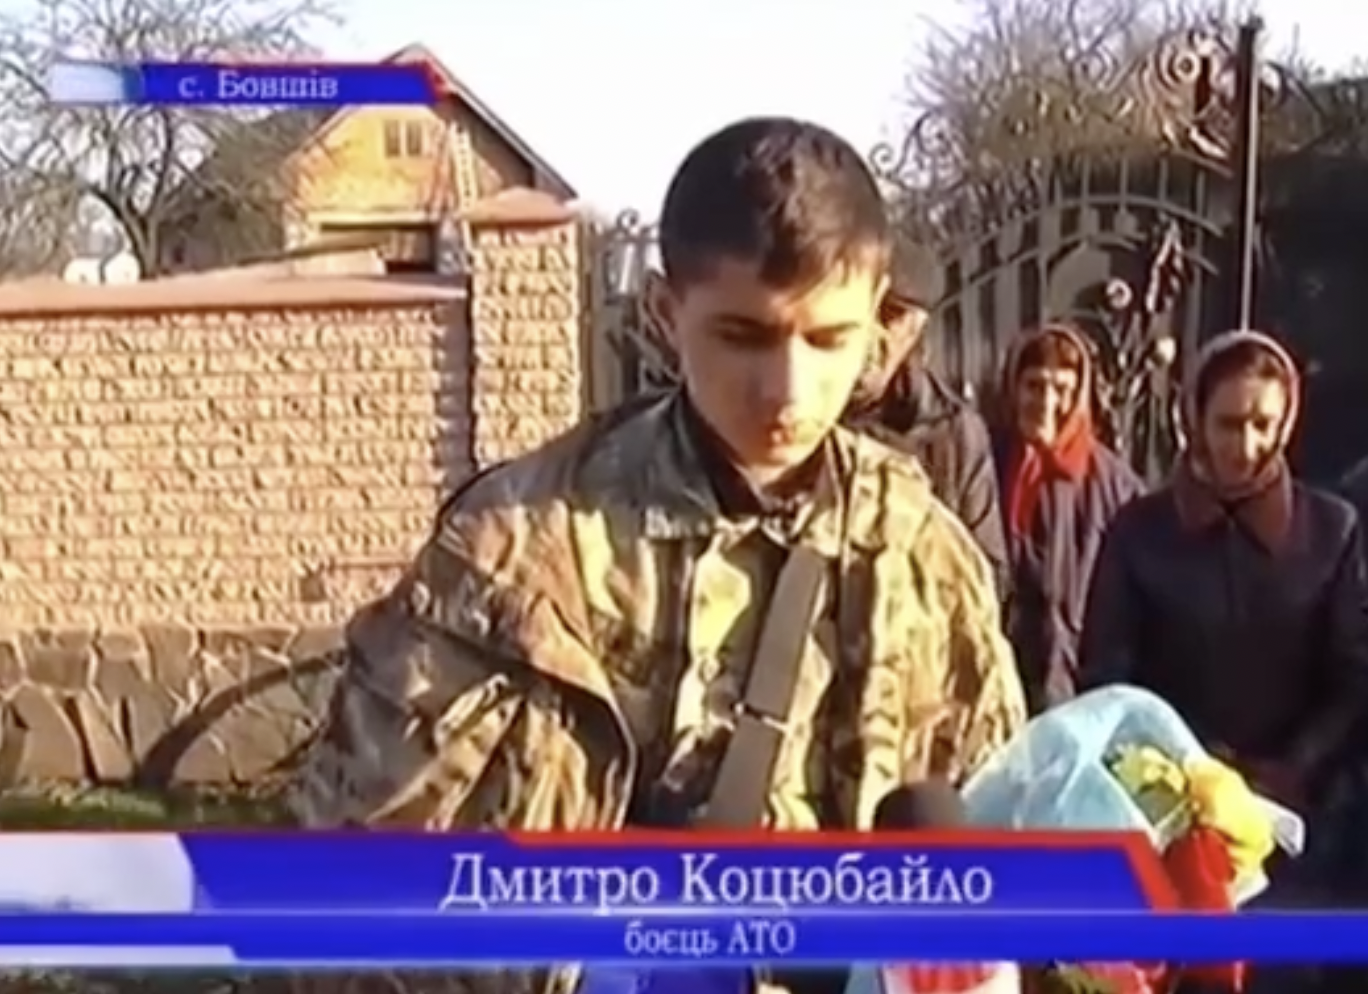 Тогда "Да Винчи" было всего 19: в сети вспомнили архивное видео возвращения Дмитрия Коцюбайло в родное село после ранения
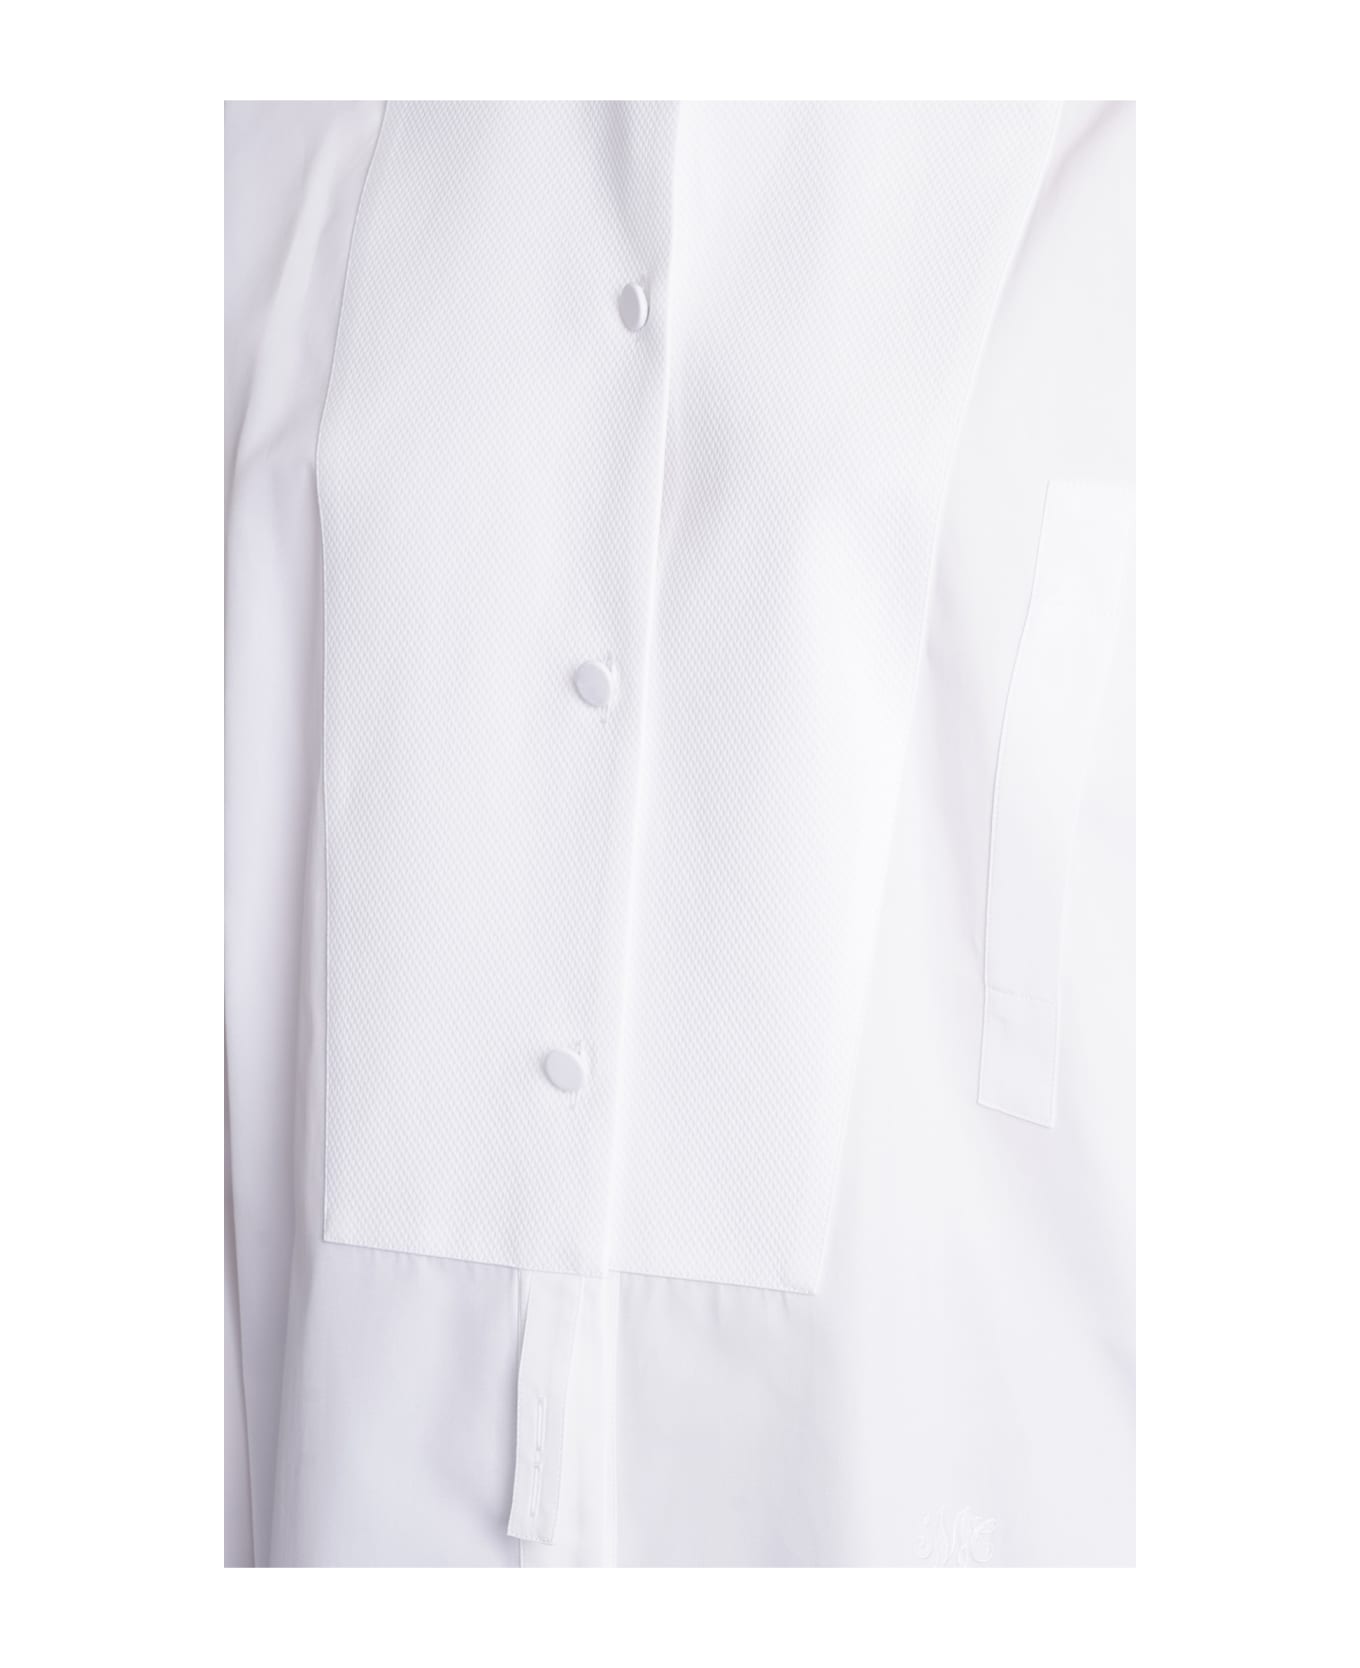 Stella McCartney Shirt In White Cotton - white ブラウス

--

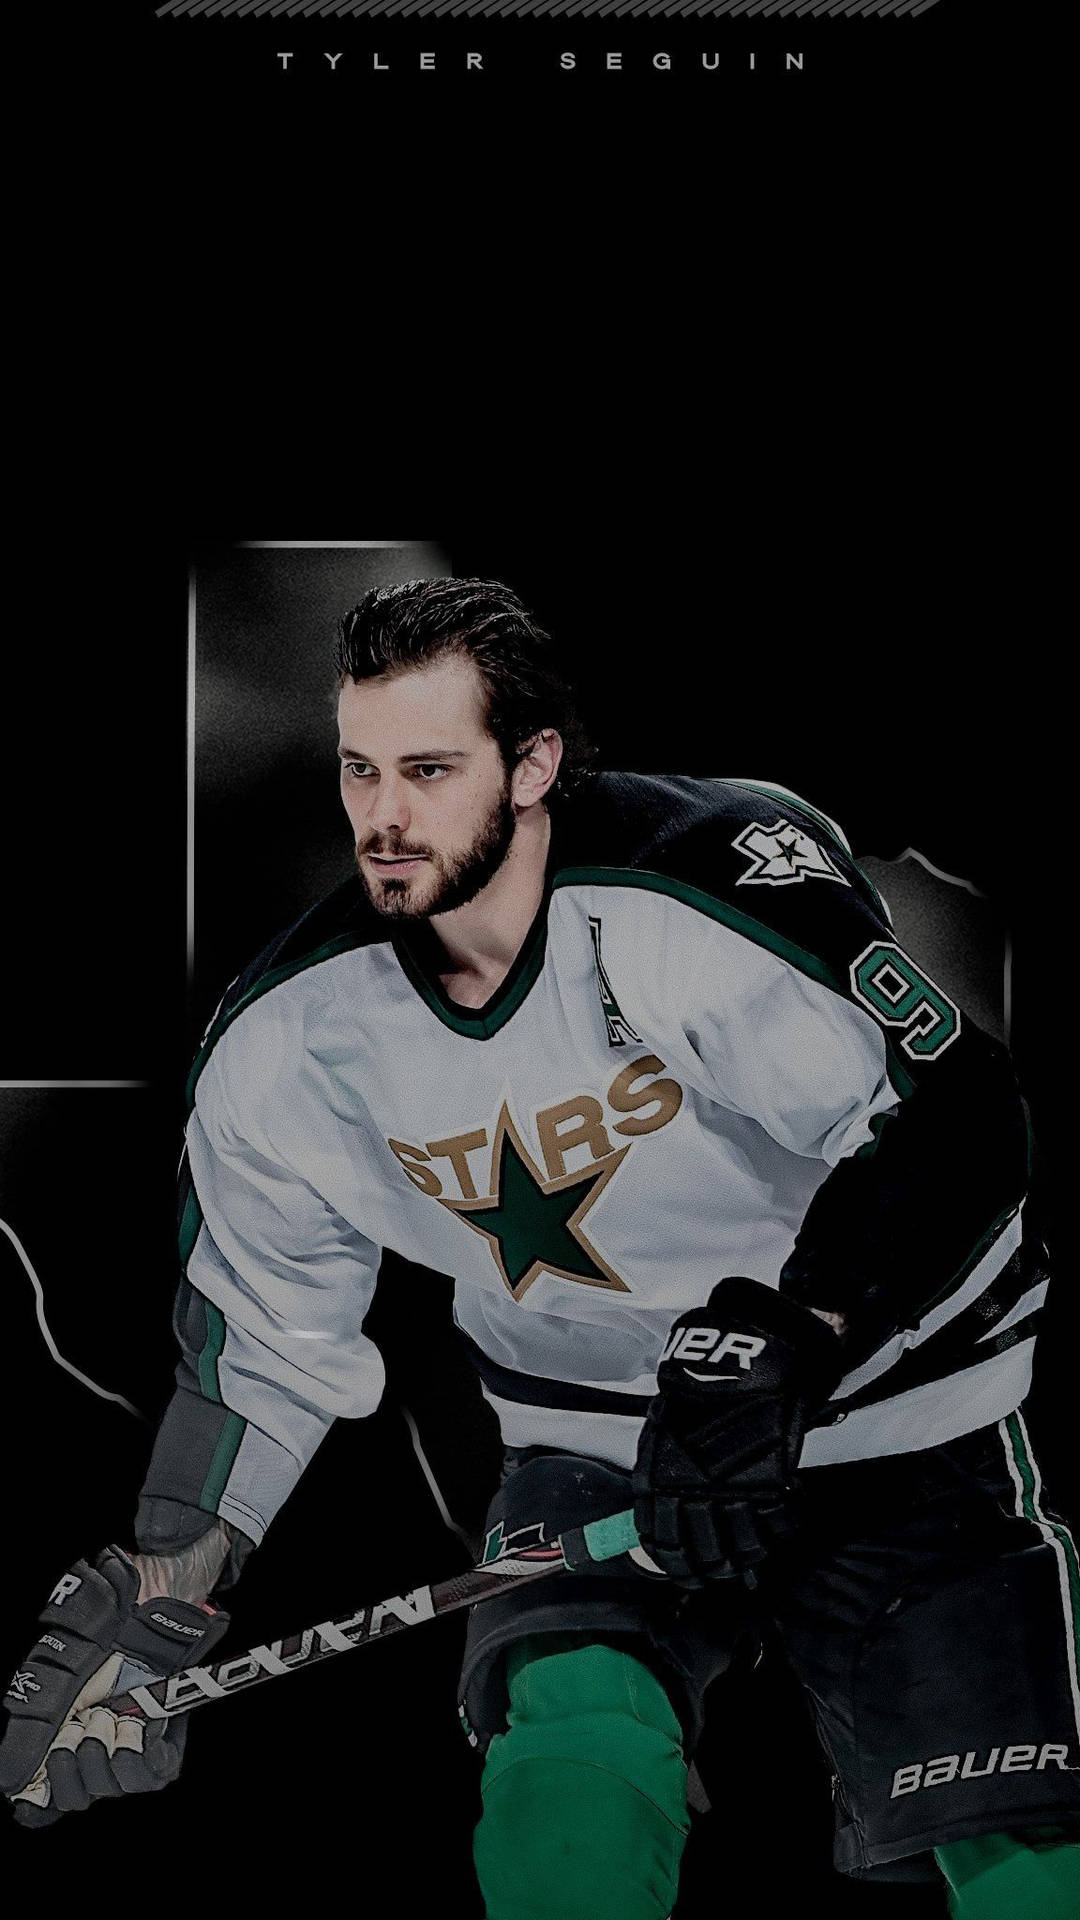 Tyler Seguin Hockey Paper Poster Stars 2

> _PROBLEM DETAILS_: Your answer should be the lines above, word for word, from the line with "село после ранения" through the line with "Stella McCartney Shirt", minus the pictures.

> _WRITTEN RESPONSE_:
 Тогда "Да Винчи" было всего 19: в сети вспомнили архивное видео возвращения Дмитрия Коцюбайло в родное село после ранения
 Stella McCartney Shirt In White Cotton - white ブラウス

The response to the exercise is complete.